Berres et al.3 then examined the expression of RANTES [messenger RNA (mRNA) and protein] in two different mouse models of hepatic fibrosis; they used either carbon tetrachloride (CCl4) injections or a methionine and choline–deficient (MCD) diet. Although previous studies have demonstrated elevated expression of RANTES mRNA in animal models of hepatic fibrosis,5 these authors went further by demonstrating that a significant number of RANTES+ cells in the liver were in fact CD3+ T cells. This work also used bone marrow chimeras and Ccl5−/− mice to examine the most likely source of RANTES-expressing cells in CCl4-treated mice. RANTES protein expression was markedly reduced (50%-65%) in mice when the bone marrow was transplanted from Ccl5−/− mice to wild-type (WT) mice (in comparison with both WT→WT mice and WT→Ccl5−/− mice). This experiment showed quite convincingly that hematopoietic cells are likely to be a major source of RANTES associated with hepatic fibrosis, at least in CCl4-induced liver injury.

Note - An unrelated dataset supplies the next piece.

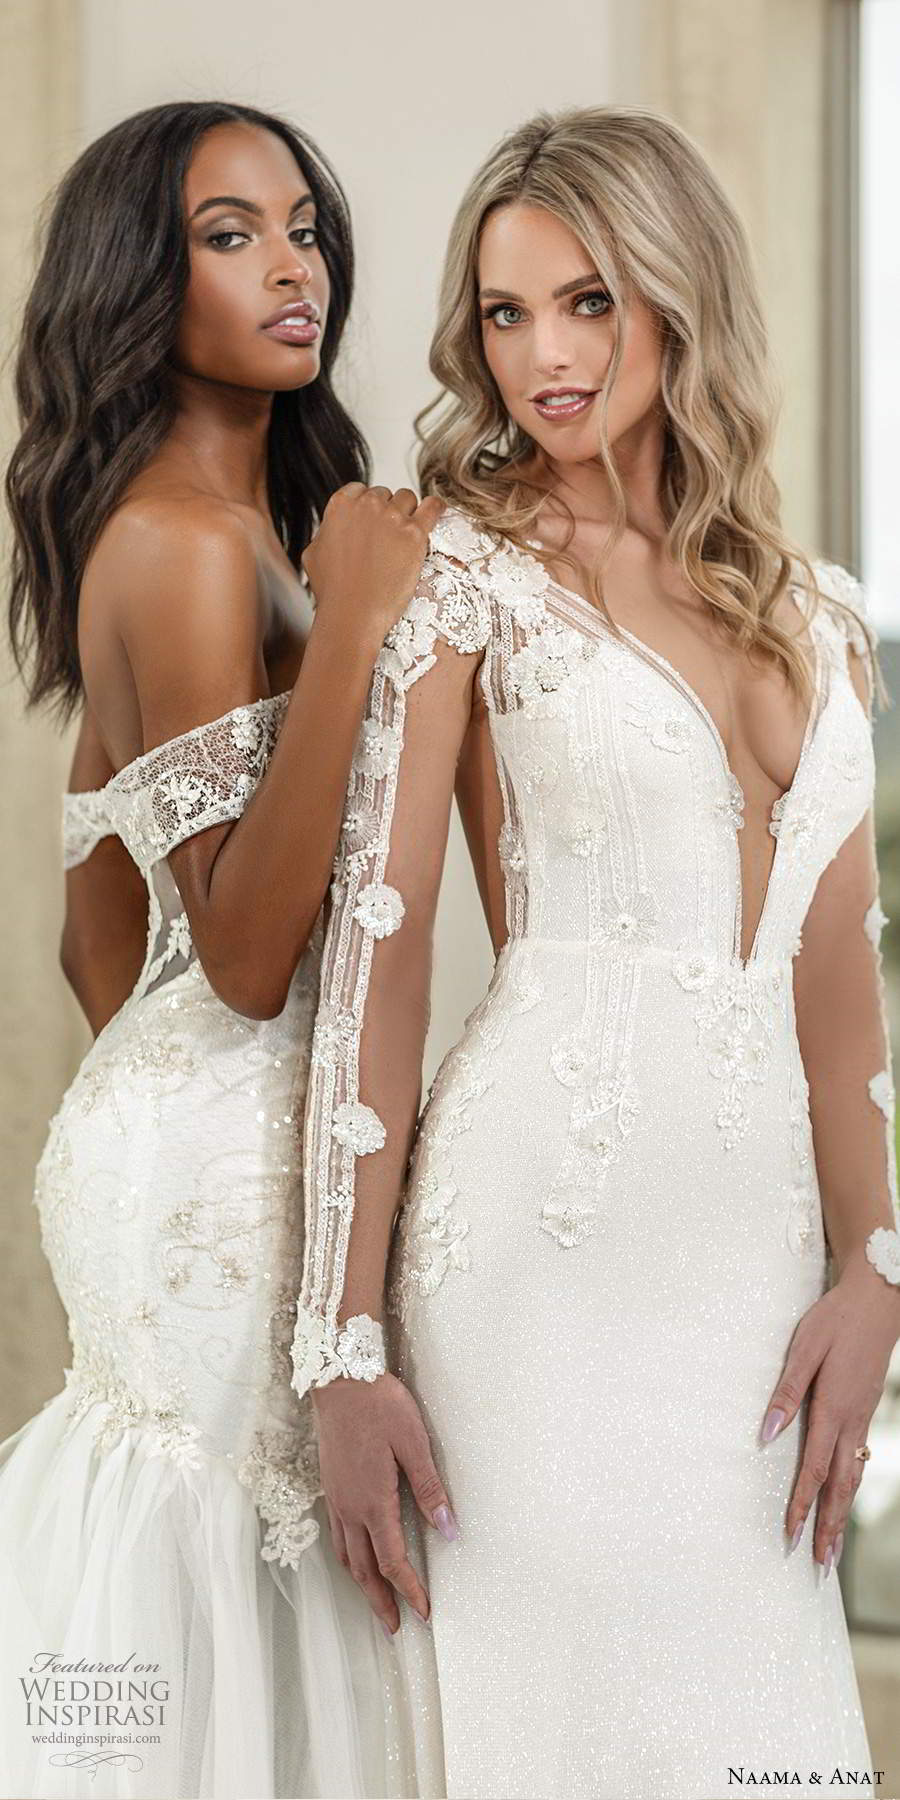 naama anat spring 2020 knottinghill bridal illusion long sleeves plunging v neckline heavily embellished bodice fit flare a line wedding dress sheer back chapel train (7) zfv

The Ccl5−/− mice were then used to fully assess the impact of a loss of RANTES expression on the development of hepatic fibrosis in both the CCl4 and MCD models of liver injury. Hepatic fibrosis, which was assessed with Sirius red histochemistry, was markedly suppressed by approximately 65% to 70% in both models of liver injury in comparison with WT mice subjected to these fibrotic stimuli. This was confirmed by the significant decrease in hydroxyproline levels and the suppression of transforming growth factor β1, procollagen α1(I), tissue inhibitor of metalloproteinase 1, interleukin-6, and matrix metalloproteinase 9 mRNA expression. There are two additional observations of note from this study. The first is the statistically significant decrease in serum alanine aminotransferase levels observed in Ccl5−/− mice as early as 24 hours after a single injection of CCl4. This suggests that in the absence of RANTES expression, there is an early reduction in hepatocyte damage; thus, a role for RANTES-induced inflammatory cells (T cells and macrophages) in hepatocyte damage and/or clearance (as evidenced by the release of alanine aminotransferase) is implied. This is an interesting observation worthy of further investigation. The second observation is the loss of α-smooth muscle actin–positive hepatic stellate cells and myofibroblasts in vivo with RANTES gene inactivation; this is perhaps not unexpected, but the fact that this was not replicated in vitro is interesting because hepatic stellate cells isolated from both WT and Ccl5−/− mice and cultured for up to 5 days on plastic showed similar expression levels of α-smooth muscle actin and procollagen α1(I) mRNA. This suggests that hepatic stellate cells require immune cell activation in vivo. In both models, there was a significant reduction in the number of CD3+ T cells and CD68+ macrophages in the livers of Ccl5−/− mice versus WT mice.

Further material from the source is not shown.